Il la prit dans ses bras et couvrit son visage de larmes et de baisers.
«Je suis déjà guéri, disait le brave garçon. Je ne veux plus d’autre plaisir que celui d’être près de toi. Quand le printemps sera venu, nous nous promènerons ensemble, c’est moi qui t’expliquerai tout; chère petite sœur, que tu es donc gentille!
— A propos, Adrien, dis-moi comment est ma figure, personne n’en parle. Papa dit qu’Hélène est jolie, que Marie ressemble à maman, mais il n’est jamais question de moi!
— Eh bien, mademoiselle Anne, asseyez-vous, levez la tête, restez tranquille. Vous avez de beaux cheveux noirs bouclés, un front charmant, de fins sourcils, un petit nez assez gentil, une bouche qui rit bien et laisse voir vos dents blanches.
— Et mes yeux, Adrien? tu les passes; je veux savoir comment ils sont.
— Ils sont grands, et lorsque tes larges paupières sont baissées, on ne se douterait pas....
— Que je suis aveugle, n’est-ce pas?
— C’est cela même, pauvre mignonne, et le jour où la lumière sera rendue à tes grands yeux bleus, on dira qu’ils sont bien doux, bien bons.
— Merci, mon frère! Ce sont des secrets que nous nous sommes dits, n’est-ce pas? Il n’en faut plus parler.

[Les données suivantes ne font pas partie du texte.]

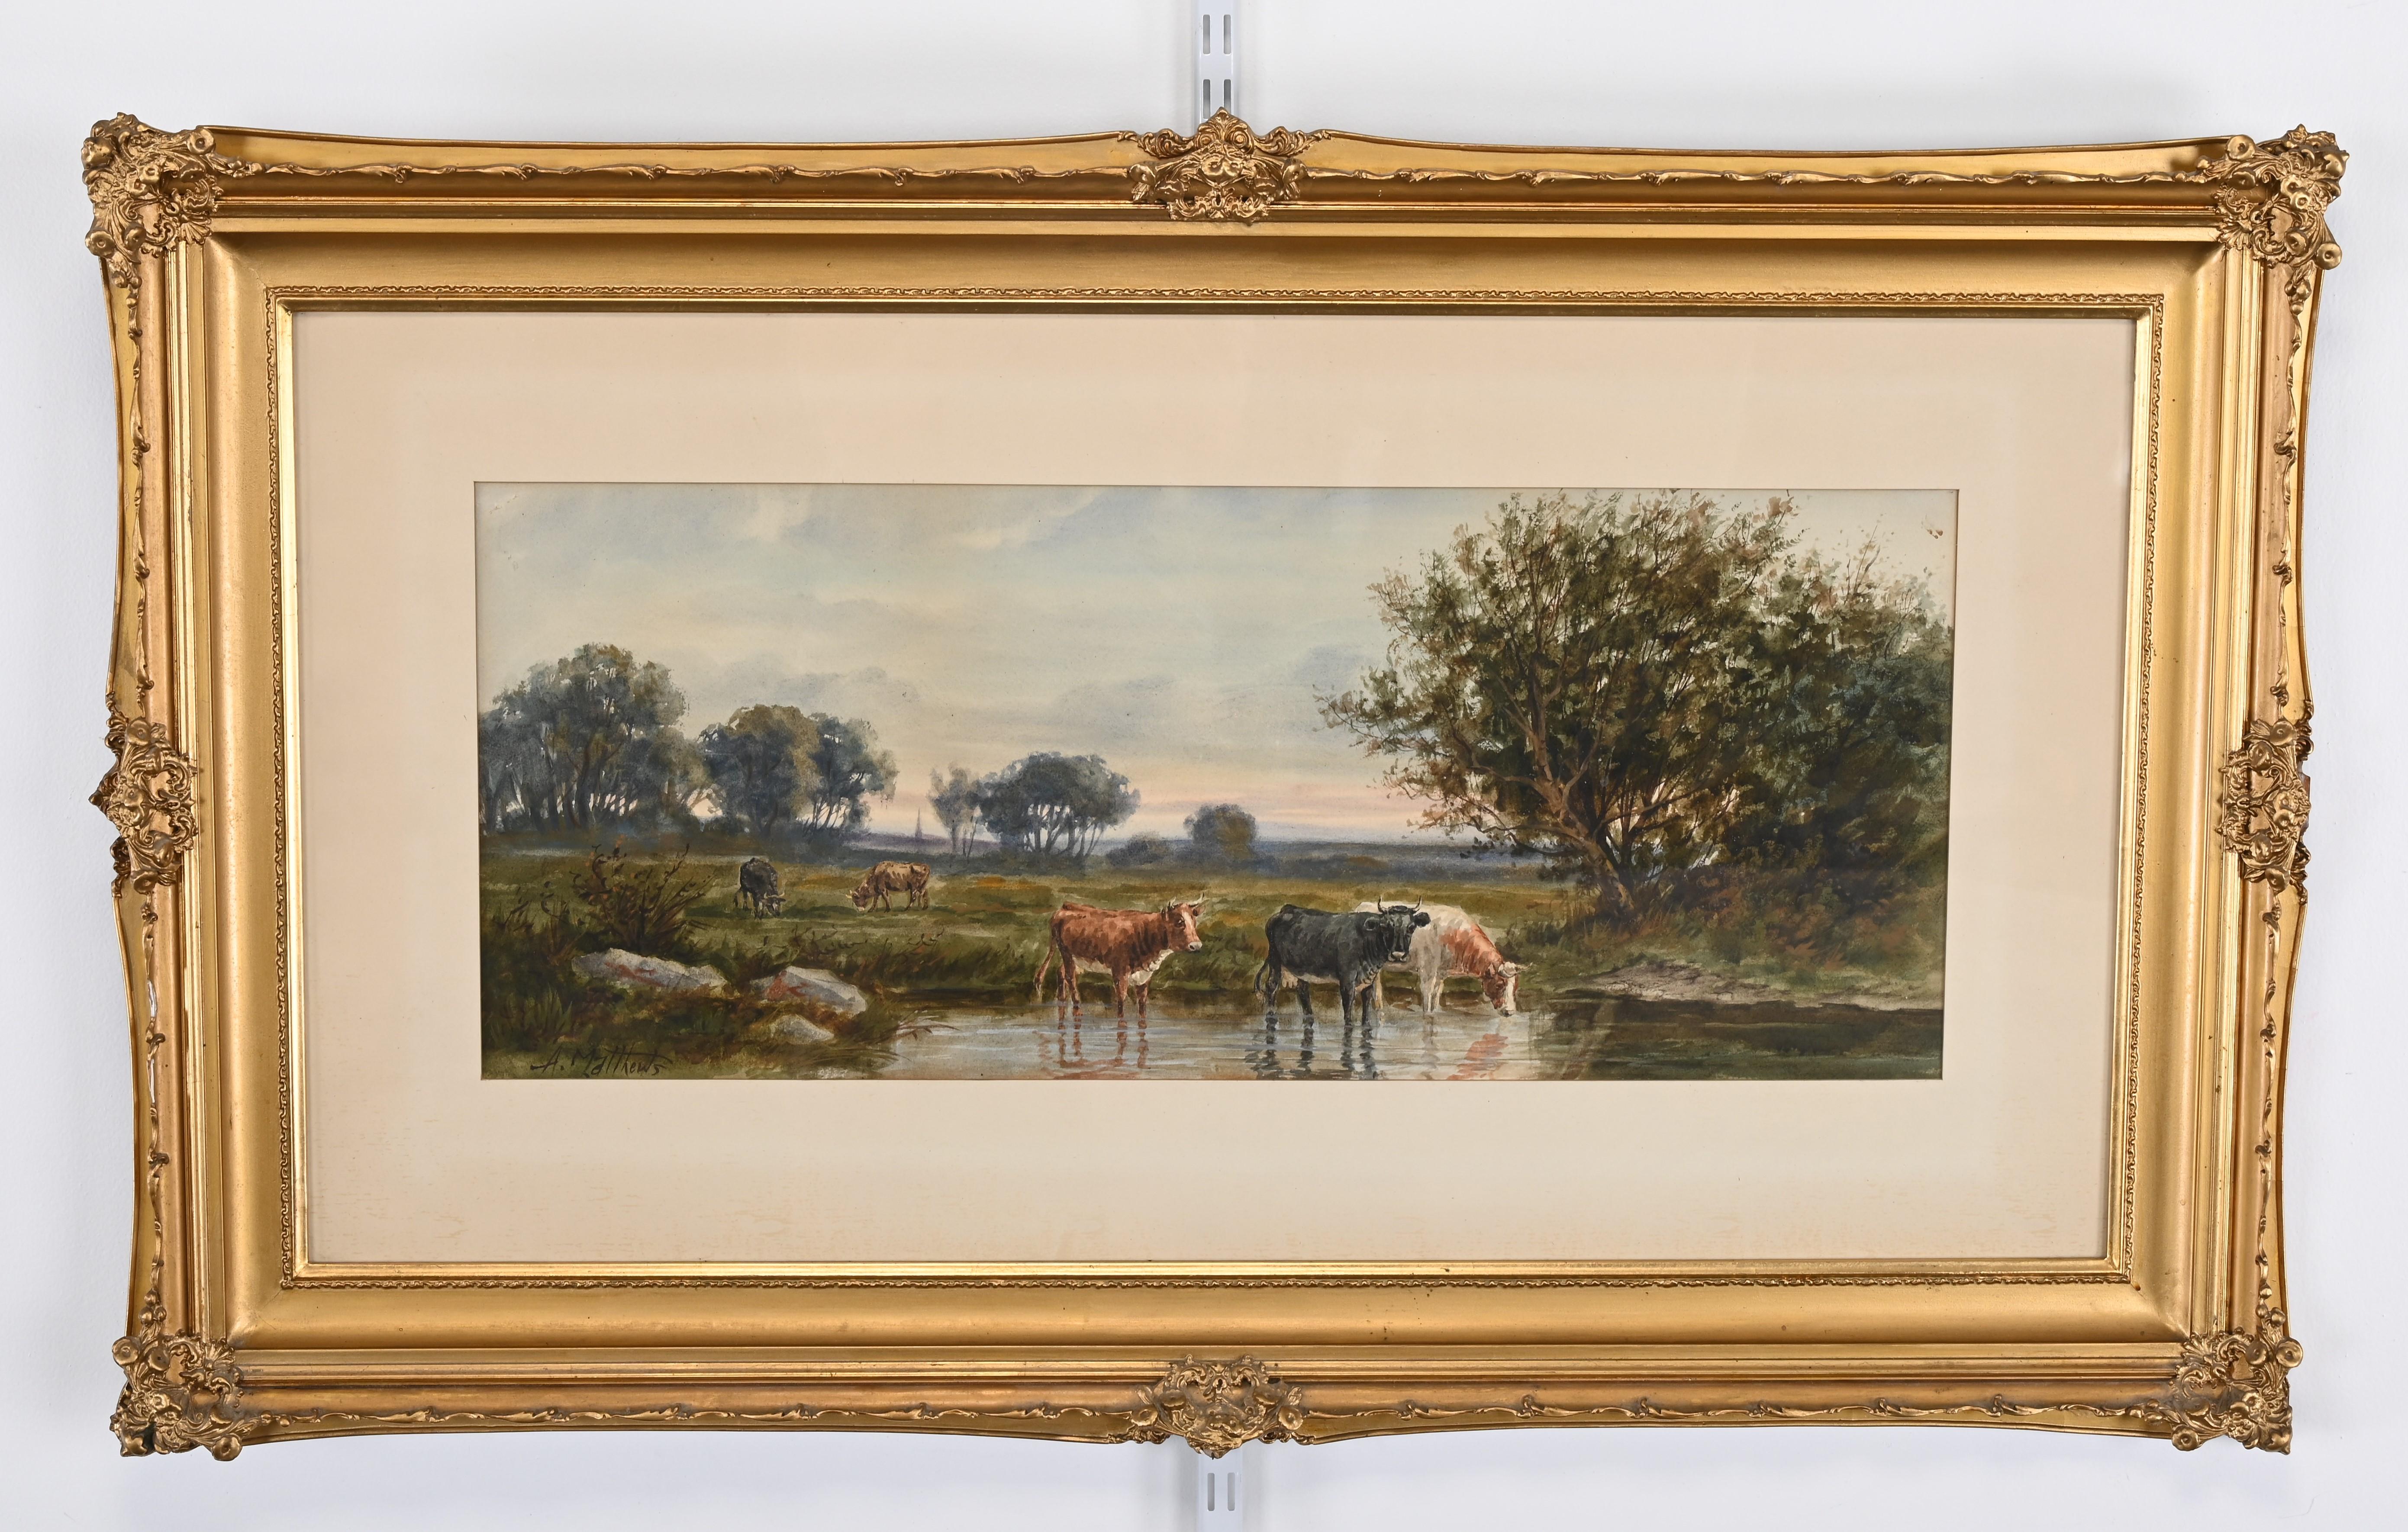 A wonderful watercolor painting by A. Matthews of a landscape with cattle watering. This 19th-century painting is framed in a period Late Victorian gold-leaf frame. The painting is aesthetically pleasing and well-executed. The colors are distinctive

— Certainement; mais le jour où je serai premier de ma classe, tu me permettras de te rappeler que c’est toi qui m’as appris à sauter de la queue à la tête?
— Oui, Adrien. Saute, saute bien vite!»
Le frère et la sœur rentrèrent tout joyeux au salon.
A partir de ce jour, ils ne perdirent pas l’occasion d’être ensemble. Adrien qui, jusque-là, ne prenait un livre que pour apprendre sa leçon, devint le lecteur assidu d’Anne.
Le brave enfant apprenait par cœur, à haute voix, de sorte que la petite sœur retenait toujours quelque chose des leçons de son frère. C’est ainsi qu’elle prit goût à l’anglais et à l’allemand, et apprit plus tard ces deux langues sans qu’il lui en coûtât trop de peine.
Cette intimité n’avait pas seulement l’avantage de distraire Anne, elle donnait plus de liberté à ses sœurs dont les occupations augmentaient en raison des relations de leurs parents.
Le printemps fut très-beau cette année-là, et permit à M. Liébert de faire connaissance avec le pays. C’était une récompense promise au zèle d’Adrien, qui n’oubliait pas la leçon que lui avait donnée sa petite sœur.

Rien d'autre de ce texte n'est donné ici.